Но — куда острее драматизм этой жизни, драматизм сложнейших взаимоотношений между людьми, между людьми и природой, что проявилось уже в первых главах четвертой книги «Тихого Дона», в сцене, когда Григорий Мелехов, рядом с могилой дочушки Григория и Аксиньи, в Ягодном, первой могилой в его жизни, захоронил убитого красными деда Сашку:
«Удрученный воспоминаниями Григорий прилег на траву неподалеку от этого маленького дорогого сердцу кладбища и долго глядел на величаво распростертое над ним голубое небо. Где-то там в вышних беспредельных просторах гуляли ветры, плыли осиянные солнцем холодные облака, а на земле, только что принявшей веселого лошадника и пьяницу деда Сашку, все так же яростно кипела жизнь: в степи, зеленым разливом подступившей к самому саду, в зарослях дикой конопли возле прясел старого гумна — неумолчно звучала гремучая дробь перепелиного боя, свистели суслики, жужжали шмели, шелестела обласканная ветром трава, пели в струистом мареве жаворонки и, утверждая в природе человеческое величие, где-то далеко-далеко по суходолу настойчиво, злобно и глухо стучал пулемет» (5, 51).
Этот злобный стук пулемета символизирует в романе ту беду, которая пришла к людям вместе с войной, когда рушилась жизнь, страдали и гибли безвинные люди, — «Подешевел человек за революцию!» (5, 300).
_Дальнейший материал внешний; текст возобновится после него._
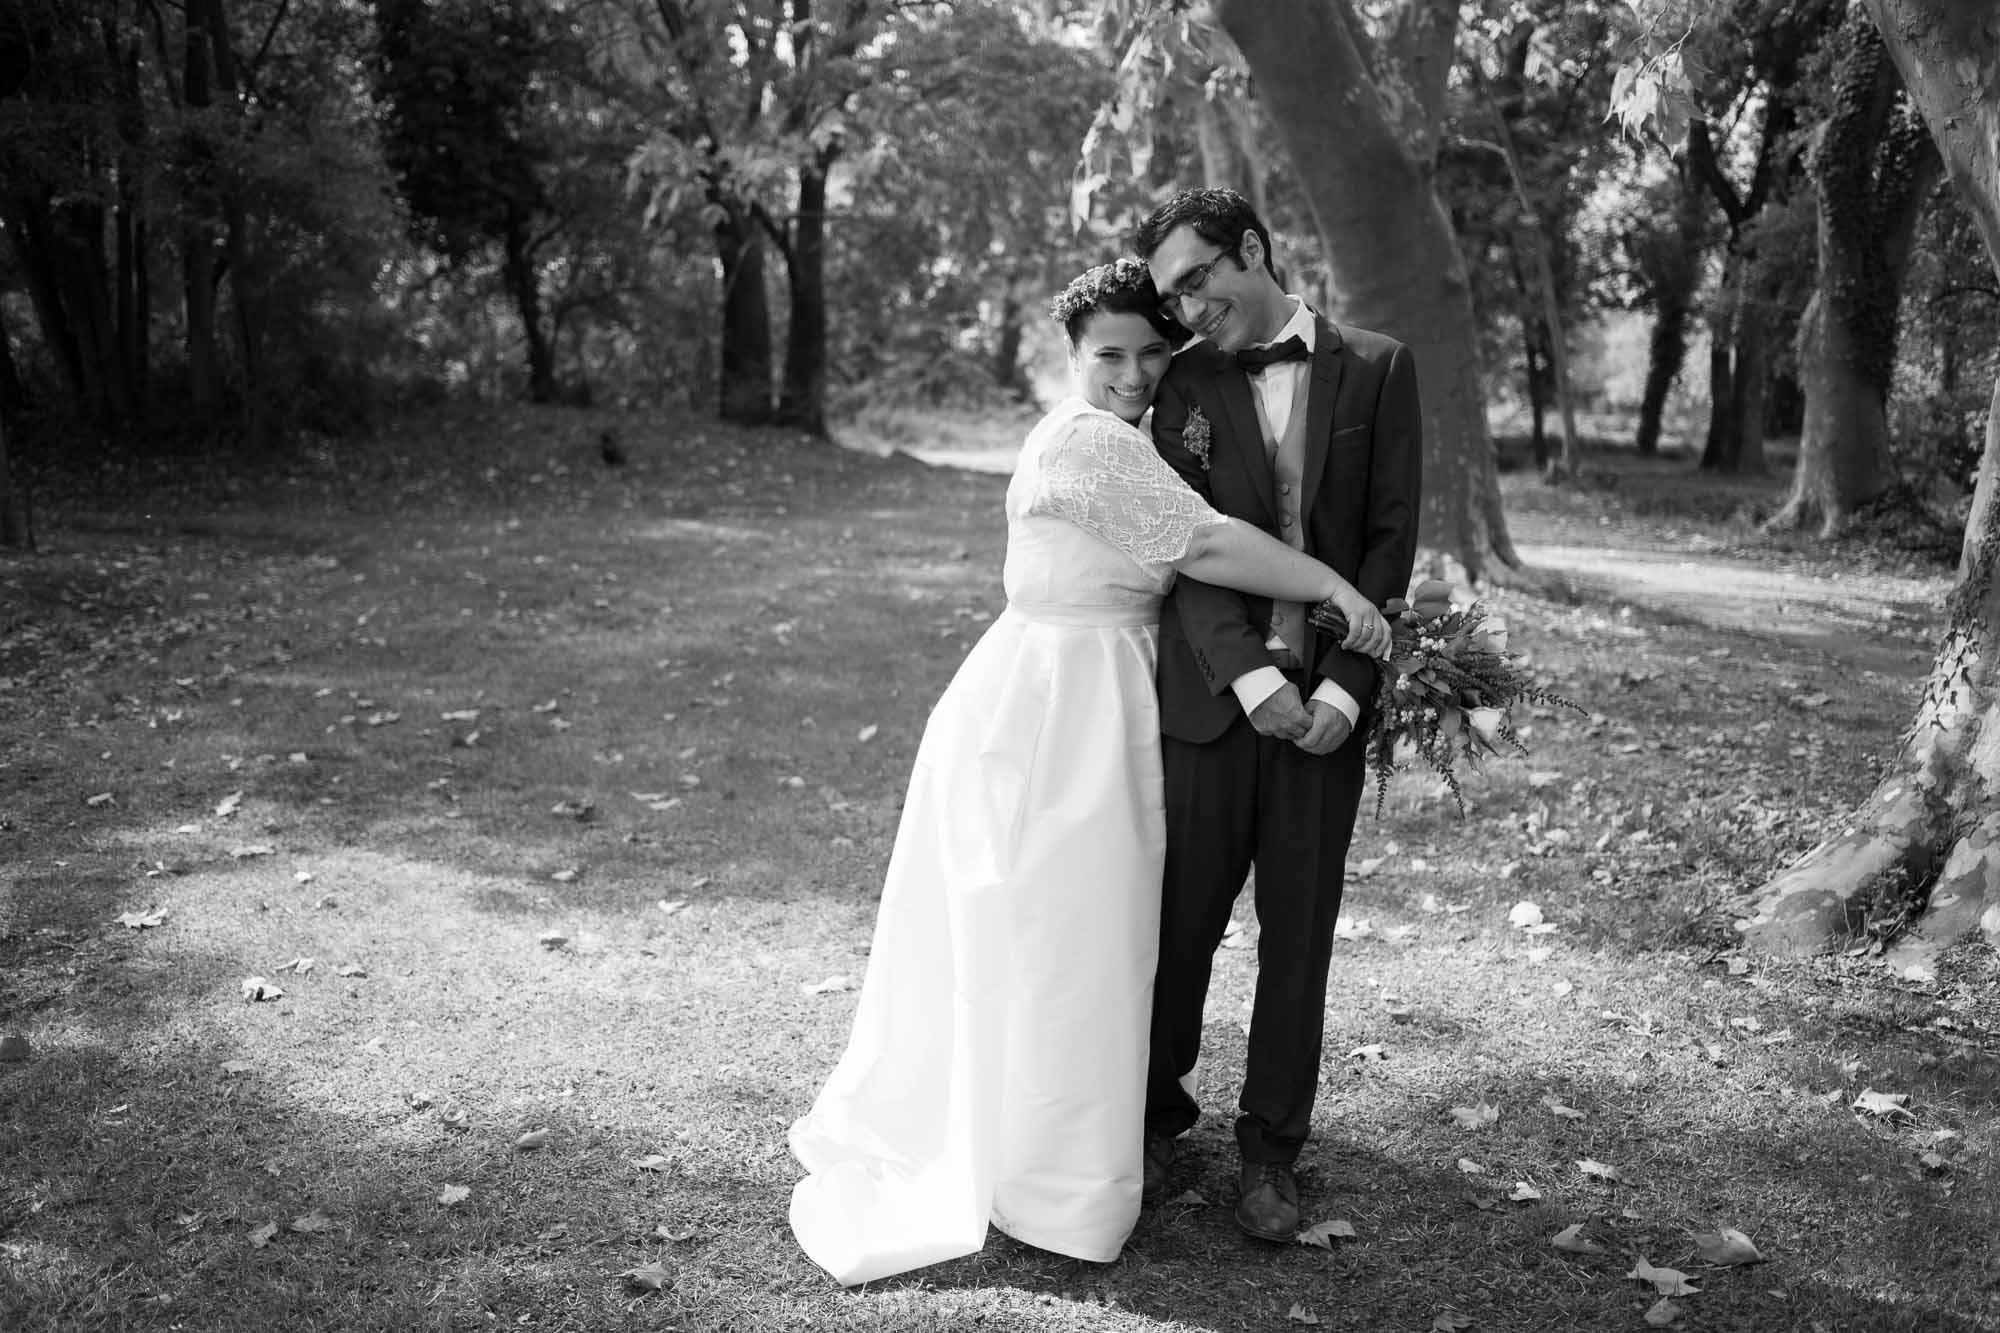 Photographe salon de provence good julio molina - Photographe mariage salon de provence ...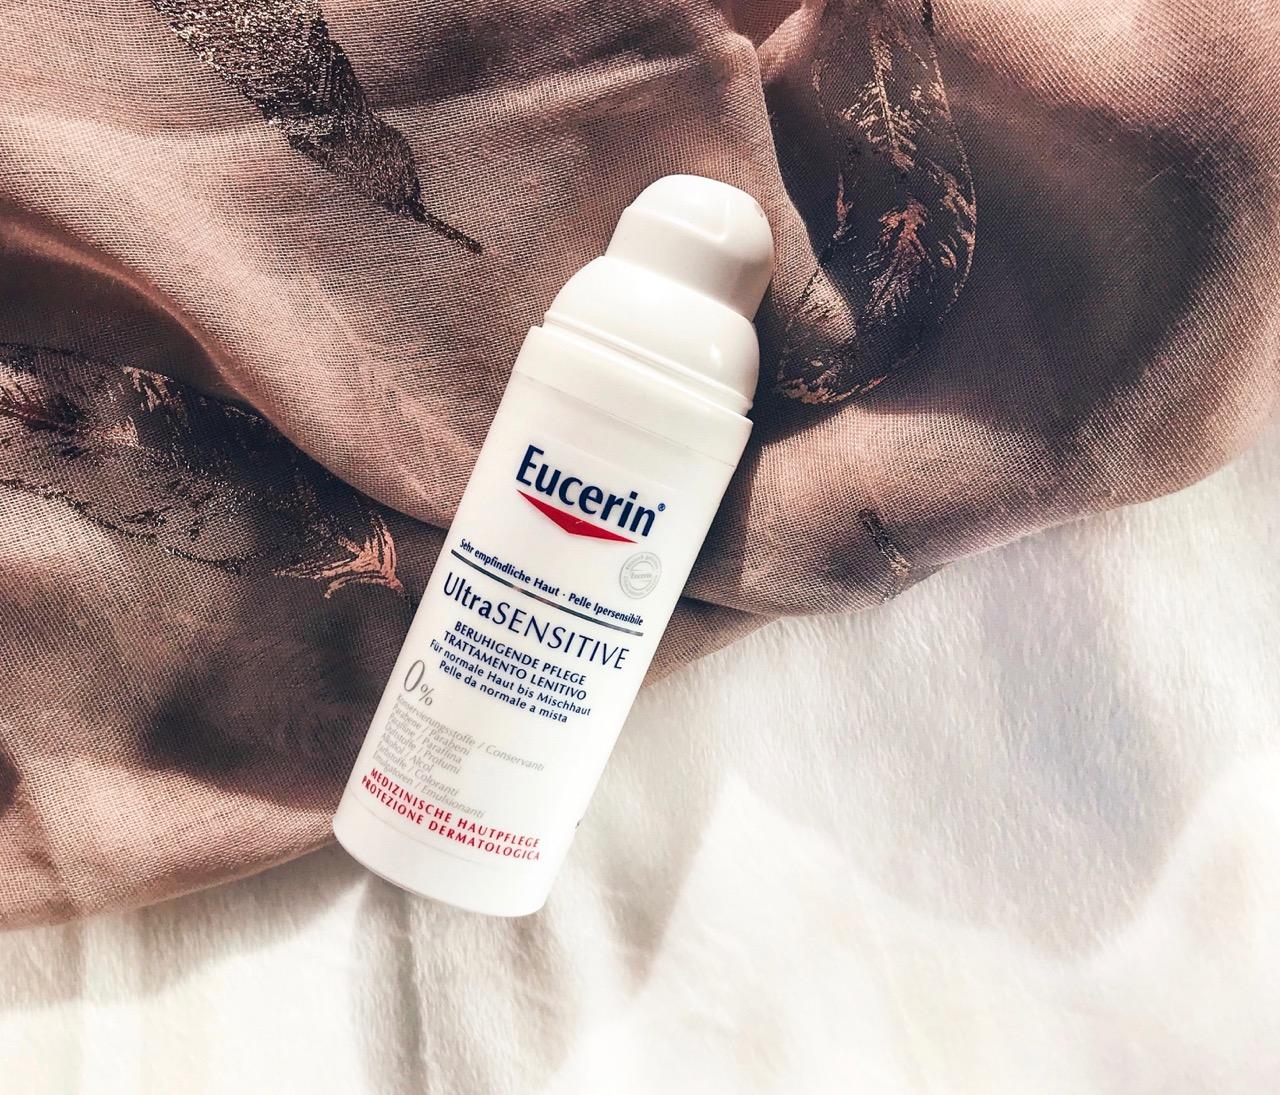 Eucerin Ultra Sensitive Beruhigende Pflege ausprobiert

Четвертый том «Тихого Дона» — это полностью порушенная и разрушенная жизнь людей, та самая жизнь, которая в первом томе романа бурлила, как полная чаша.
«Удивительно, как изменилась жизнь в семье Мелеховых!.. Была крепко спаянная семья, а с весны все переменилось... Семья распадалась на глазах у Пантелея Прокофьевича. Они со старухой оставались вдвоем. Неожиданно и быстро были нарушены родственные связи, утрачена теплота взаимоотношений, в разговоре все чаще проскальзывали нотки разрушительности и отчуждения. За общий стол садились не так, как прежде — единой и дружной семьей, а как случайно собравшиеся вместе люди.
Война была всему этому причиной...» (5, 123).
Война, иными словами — тот социальный катаклизм, который не просто порушил человеческие связи, но — разметал людей, заставив их убивать друг друга. «За один год смерть сразила столько родных и знакомых, что при одной мысли о них на душе его (Пантелея Прокофьевича. — Ф. К.) становилось тяжко и весь мир тускнел и словно одевался какой-то черной пеленой» (5, 233).
Четвертый том — это череда смертей, прошедших через душу Григория Мелехова. Когда на этот раз, в начале четвертой книги, он уезжал, после короткой побывки, из Татарского на фронт («...Никогда Григорий не покидал хутора с таким тяжелым сердцем, как в это ласковое утро»), — предзнаменованием для всего последующего развития событий была «черная траурная косынка», которую ветер рвал из рук провожавшей его Натальи.
Первая смерть в четвертой книге романа — смерть Натальи, предыстория ее гибели, переживания Григория принадлежат к одним из самых высоких трагических страниц в истории мировой литературы, — они могут сравниться по силе только с описанием гибели Аксиньи.
Эти смерти — Натальи, Дарьи, Пантелея Прокофьевича, Ильиничны и, наконец, Аксиньи, написанные с покоряющей душу, властной силой, являются прелюдией к финалу той мощной и всеохватной социальной трагедии, в центре которой, конечно же, судьба Григория Мелехова. Трагедия эта, сделавшая «Тихий Дон» одним из самых великих произведений мировой литературы, стала центром не первой, и не второй, и даже не третьей, но именно четвертой книги.